The answer depends upon whether the bat is flying towards the wall or away from it (or parallel to it). The problem should have stated which it is.

If flying away or towards the wall, there are TWO Doppler shifts involved. The wall "receives" and reflects a Doppler-shifted sound, and when the bat hears it, it is shifted again.
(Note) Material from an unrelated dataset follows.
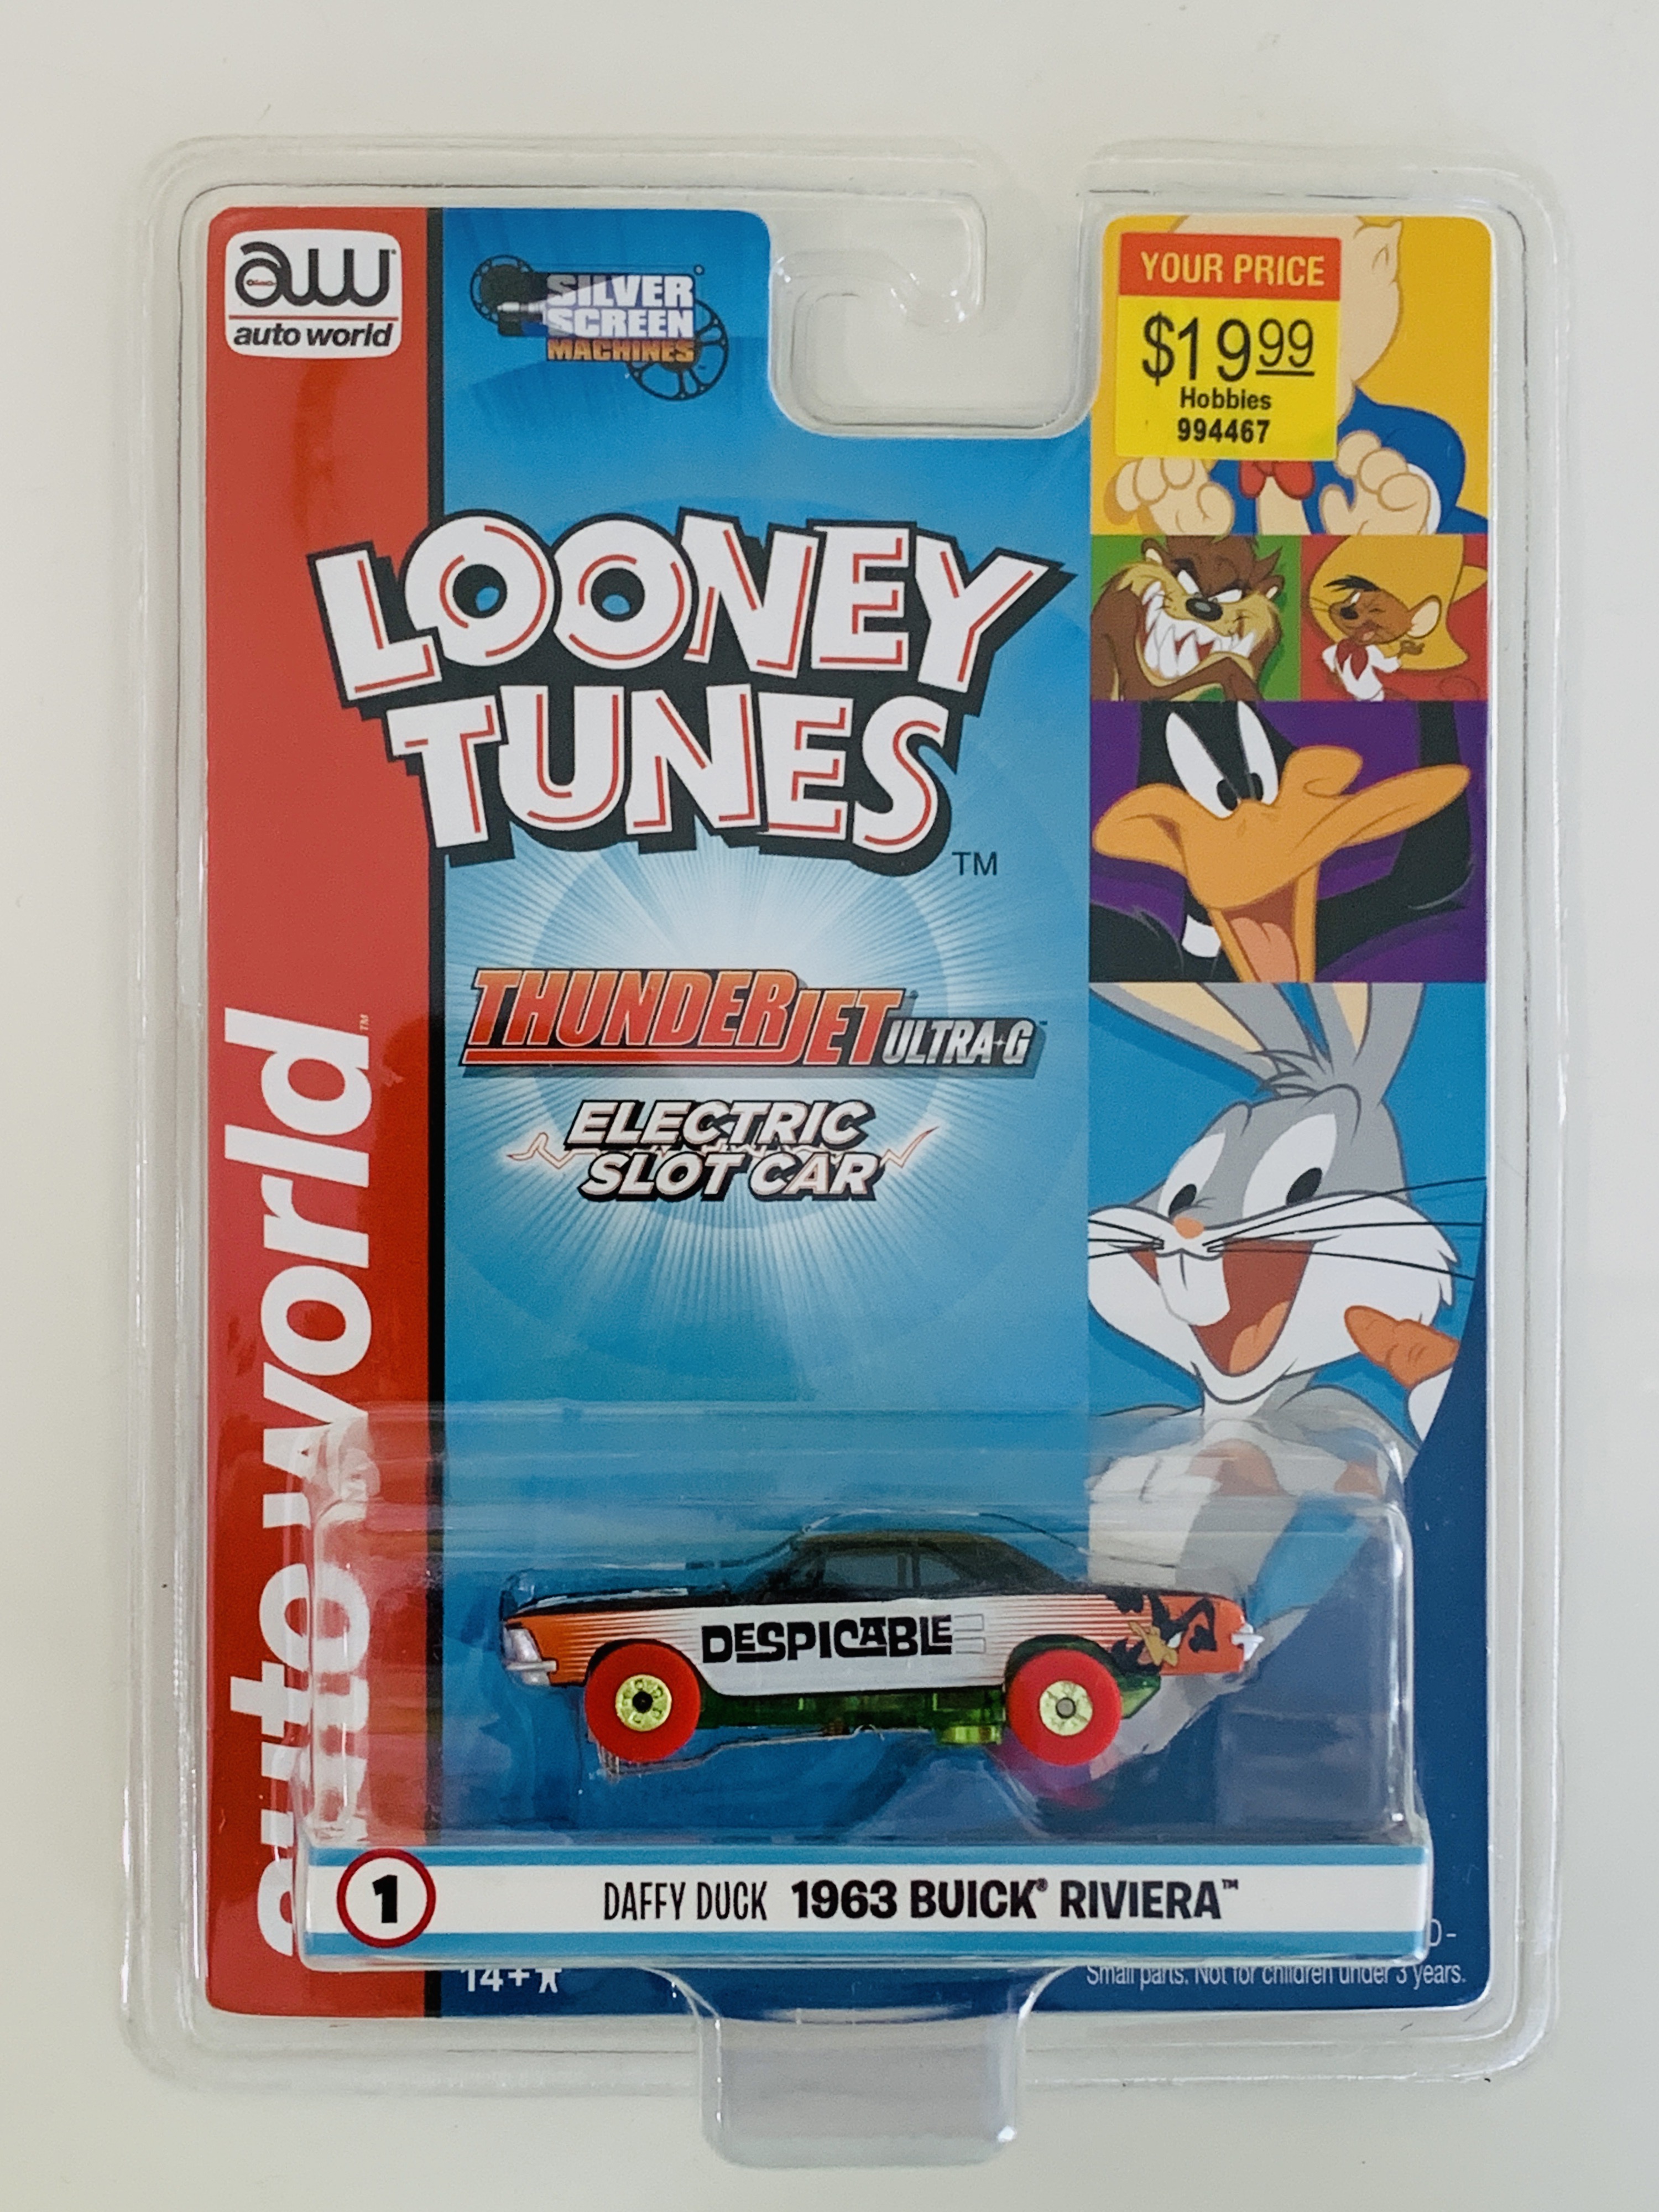 Auto World Looney Tunes Daffy Duck 1963 Buick Riviera Slot Car

Do you need a numerical answer? If the bat is flying towards the wall,

f' = f*[V+Vs) / V]
f' = unknown, f = 35 kHz, V = 343 m/s (in dry air, 20 deg C), Vs = (5.0*2 = 10 m/s) <--Based on drwls</> suggestion, the source moves with a velocity of 5.0 m/s toward the wall, but then the bat continues to move at 5.0 m/s toward the reflected waves, doubling the speed between bat the source</> and bat the observer to 10 m/s </>.
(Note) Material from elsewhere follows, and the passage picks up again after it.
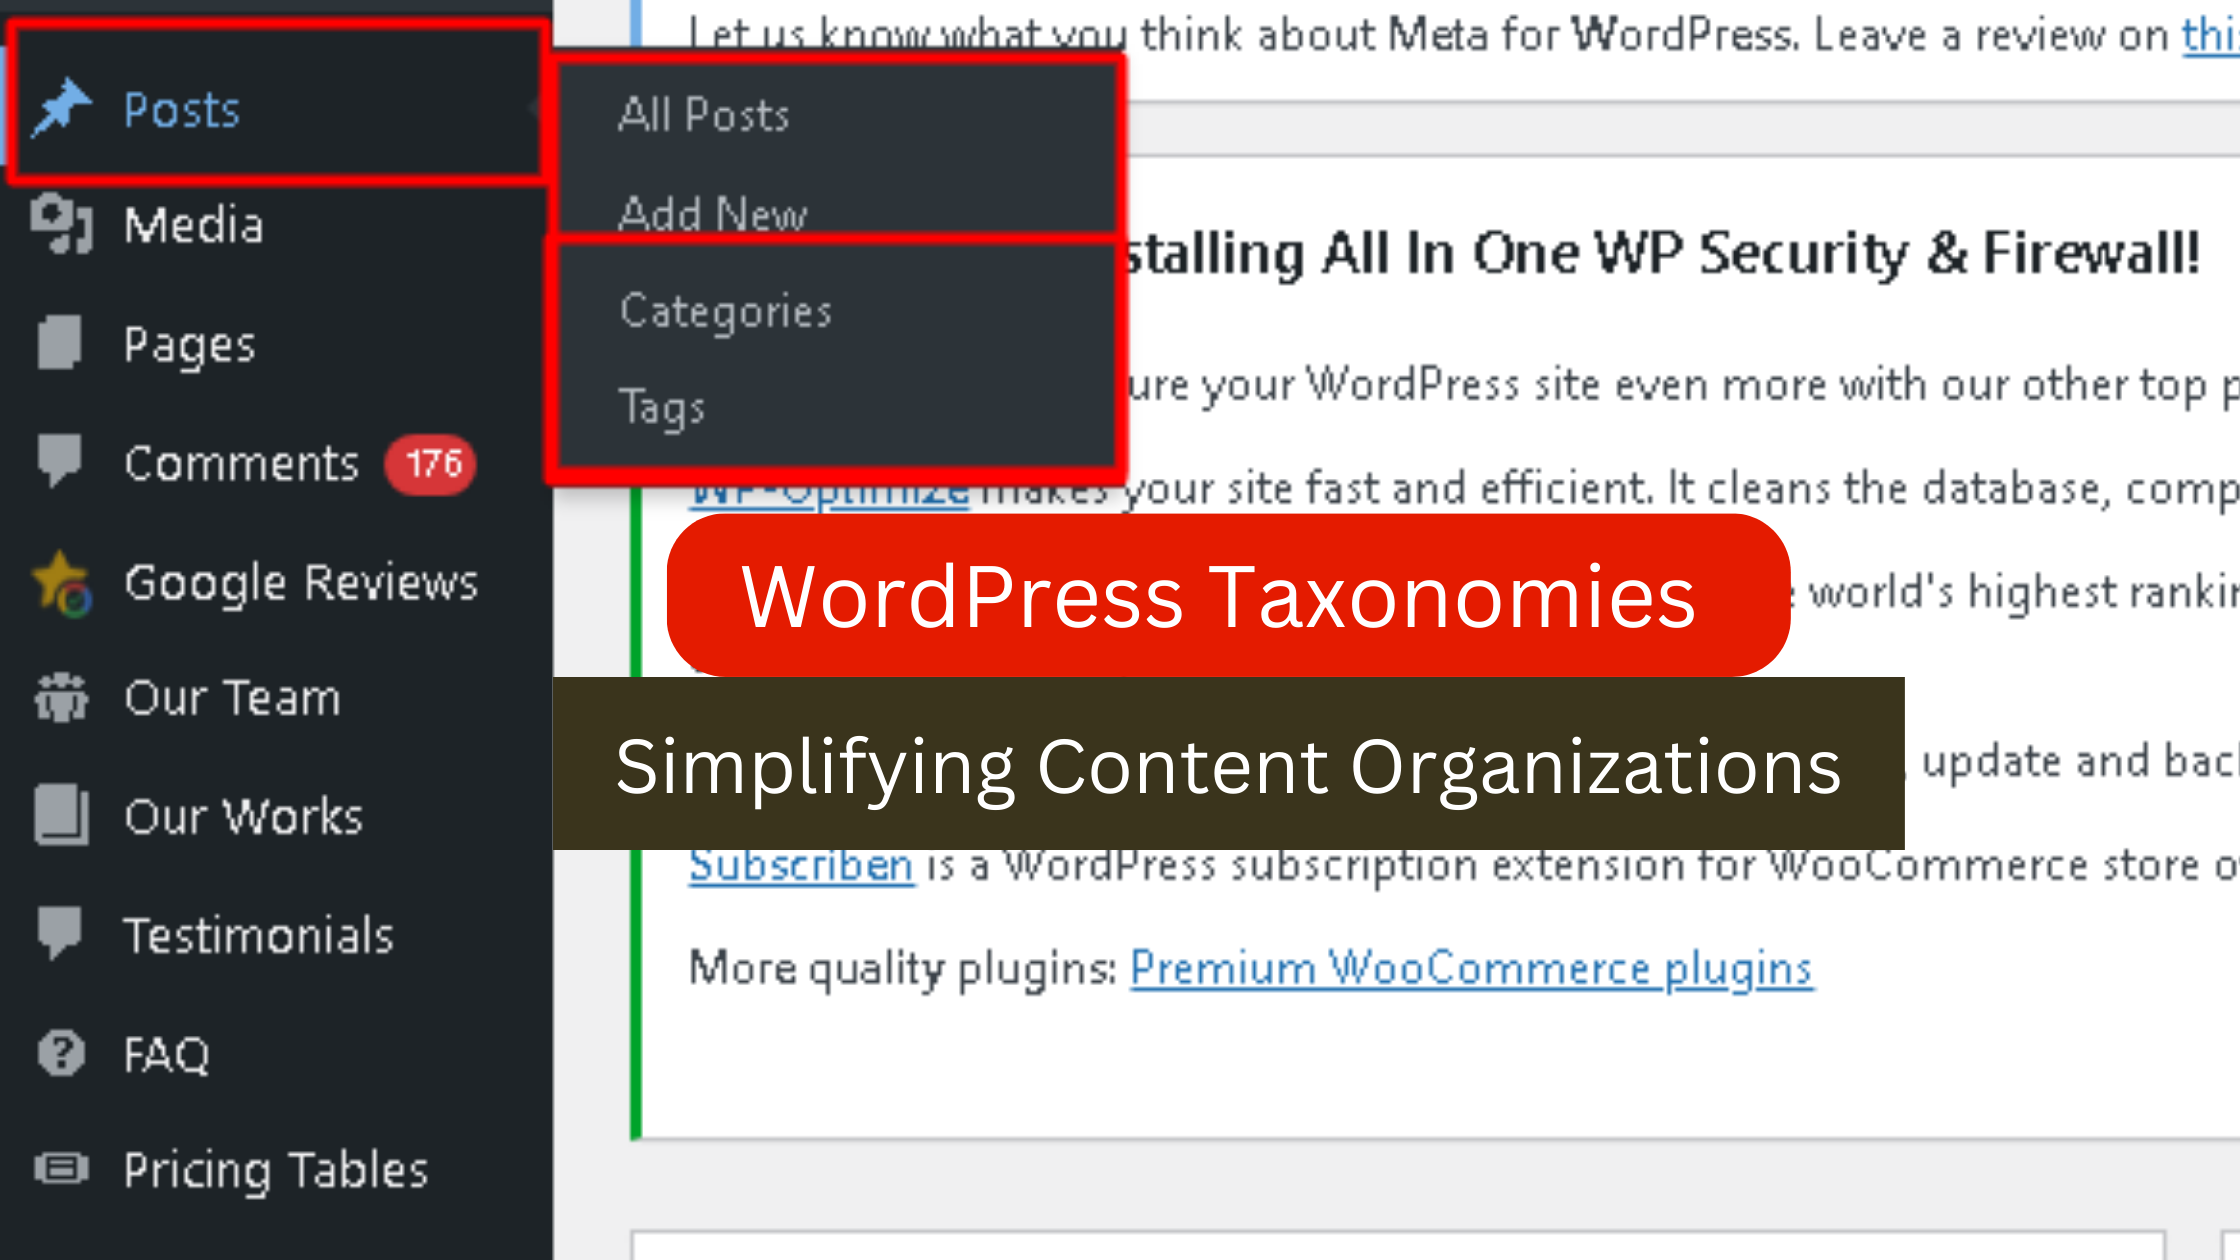 WordPress-Taxonomies-simplifying-content-organization

If the bat is flying away from the wall,
f' = f*[V-Vs) / V]. Use the same values as above.

To find the frequency of the echo received by the bat, you need to consider the Doppler effect. The Doppler effect is the change in frequency of a wave in relation to an observer moving relative to the source of the wave.

In this case, the bat is the source of the sound wave, and it is both emitting the chirp and receiving the echo. The bat is moving towards the wall, so the frequency of the sound wave will appear higher to the wall than it actually is. The wall reflects the wave back to the bat, while the bat is still moving towards the wall.
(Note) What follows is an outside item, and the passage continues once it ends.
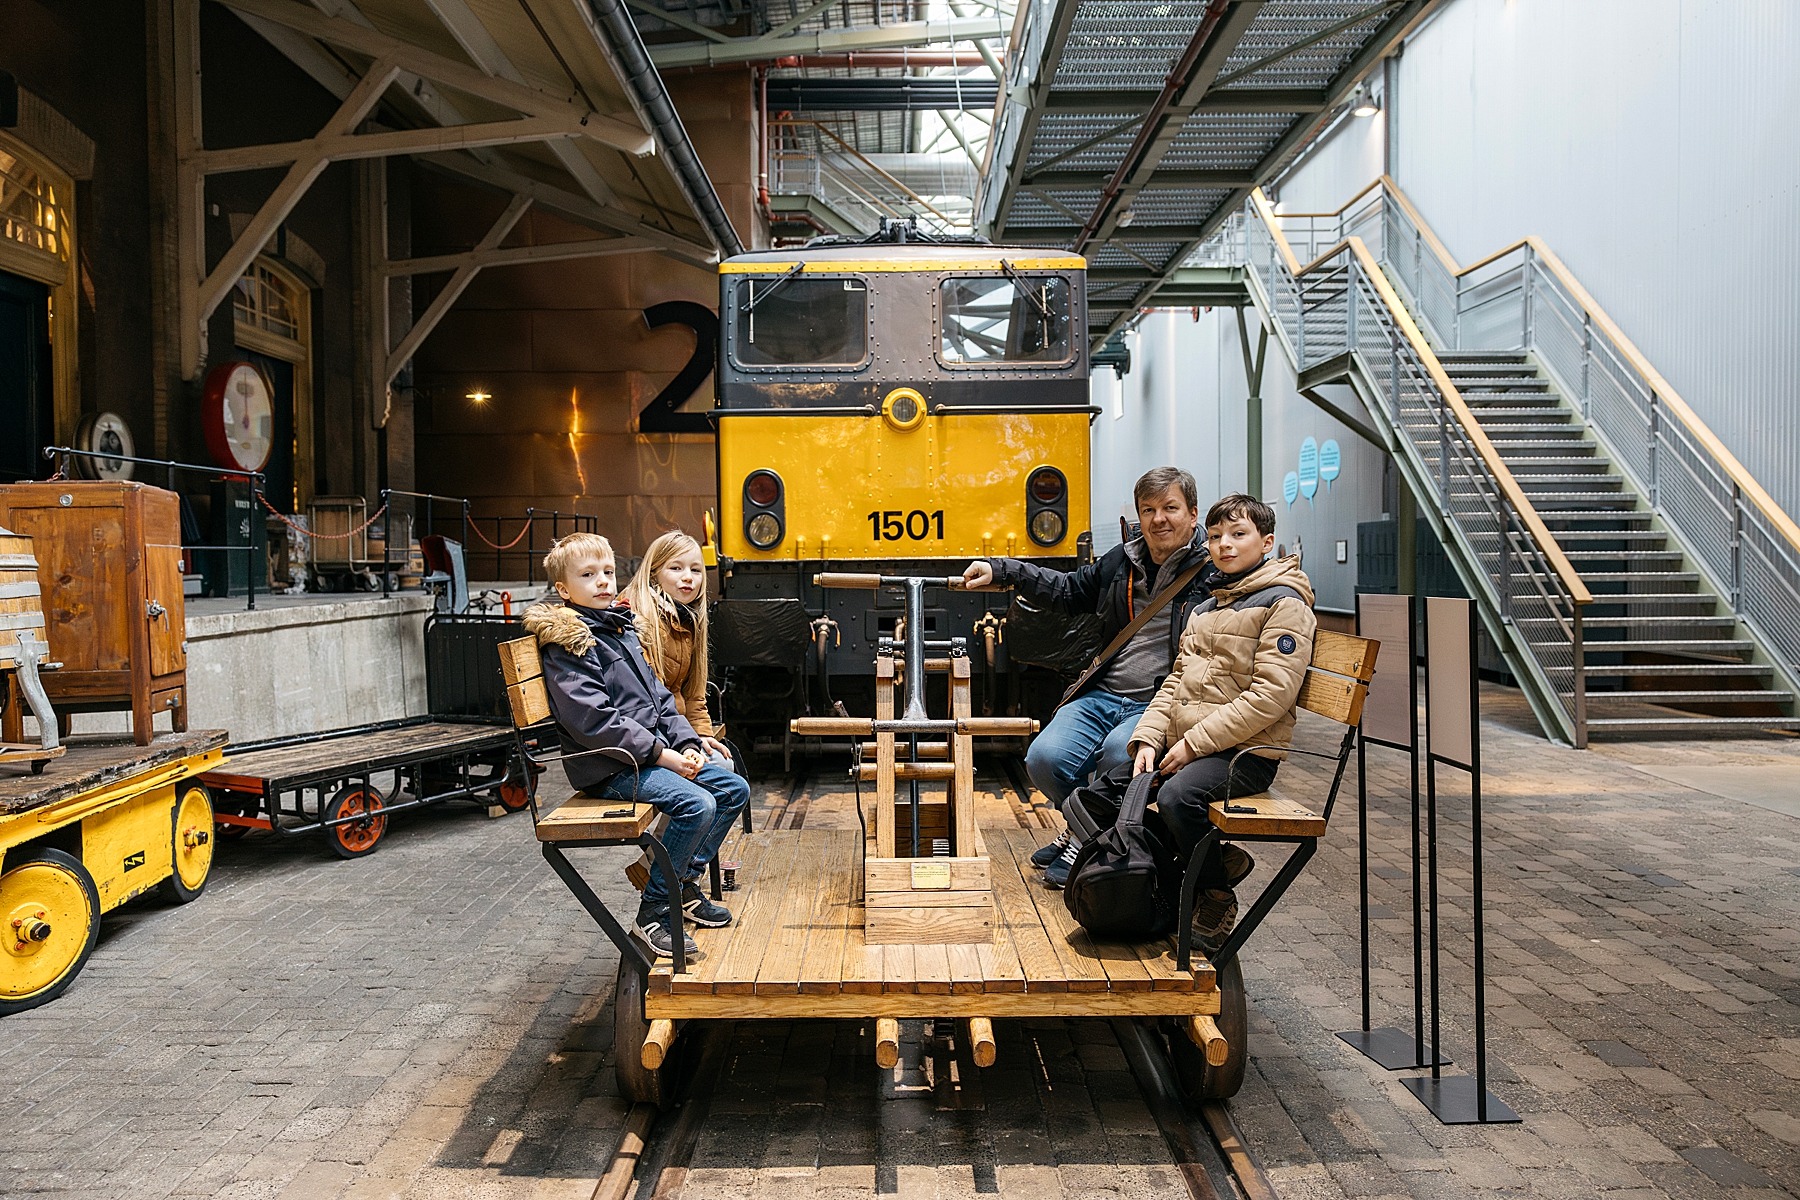 Spoorwegmuseum, l'incroyable musée du train de Utrecht 58

The formula to calculate the shifted frequency due to the Doppler effect in this case is:

f' = f * (v + v₀) / (v - v₀)

Where:
f' = frequency observed by the wall (received echo frequency)
f = original frequency emitted by the bat (35 kHz = 35,000 Hz)
v = velocity of sound in air (approximately 343 m/s at room temperature)
v₀ = velocity of the bat (5.0 m/s)

Plugging in the values:

f' = (35,000 Hz) * (343 m/s + 5.0 m/s) / (343 m/s - 5.0 m/s)

Simplifying:

f' = (35,000 Hz) * (348 m/s) / (338 m/s)

f' ≈ 36,086 Hz

So, the frequency of the echo received by the bat is approximately 36,086 Hz.

To understand why you are getting the wrong answer, let me explain the concept of the Doppler effect in this scenario.

The Doppler effect describes the change in frequency of a wave (in this case, sound) due to the relative motion between the source of the wave and the observer. When the source of the wave moves towards the observer, the frequency appears higher, and when it moves away, the frequency appears lower.

In this case, the bat is emitting a chirp at 35 kHz while flying towards a wall. The sound wave from the chirp will be compressed (higher frequency) as the bat moves closer to the wall, and then reflected back towards the bat. As the bat moves away from the wall, the sound wave will be stretched (lower frequency). Therefore, the frequency of the echo received by the bat will be different from the original frequency of the chirp.

To calculate the frequency of the echo received by the bat, you need to consider the relative velocity between the bat and the wall. Since the bat is the source of the chirp and it is moving towards the wall at 5.0 m/s, the relative velocity is the sum of their velocities. The relative velocity is positive because the bat is moving towards the wall.

Now, let's calculate the frequency of the echo received by the bat.

1. Calculate the speed of sound in air:
The speed of sound in air is approximately 343 m/s. This value may vary depending on factors like temperature and humidity, but for this calculation, we'll use the common value of 343 m/s.

2. Calculate the observed frequency:
To determine the observed frequency, we can use the formula for the Doppler effect with the following variables:
- v is the velocity of the bat (5.0 m/s).
- Vs is the speed of sound in air (343 m/s).
- f is the original frequency of the chirp (35 kHz).

The formula for the observed frequency is:
f' = f * (Vs + v) / (Vs)

Plugging in the values:
f' = 35,000 Hz * (343 m/s + 5.0 m/s) / (343 m/s)

Calculating:
f' = 35,000 Hz * 348 m/s / 343 m/s

Simplifying:
f' ≈ 35,489 Hz

Therefore, the frequency of the echo received by the bat is approximately 35,489 Hz.

By using the formula and plugging in the correct values for velocity and speed of sound, you should be able to get the correct answer.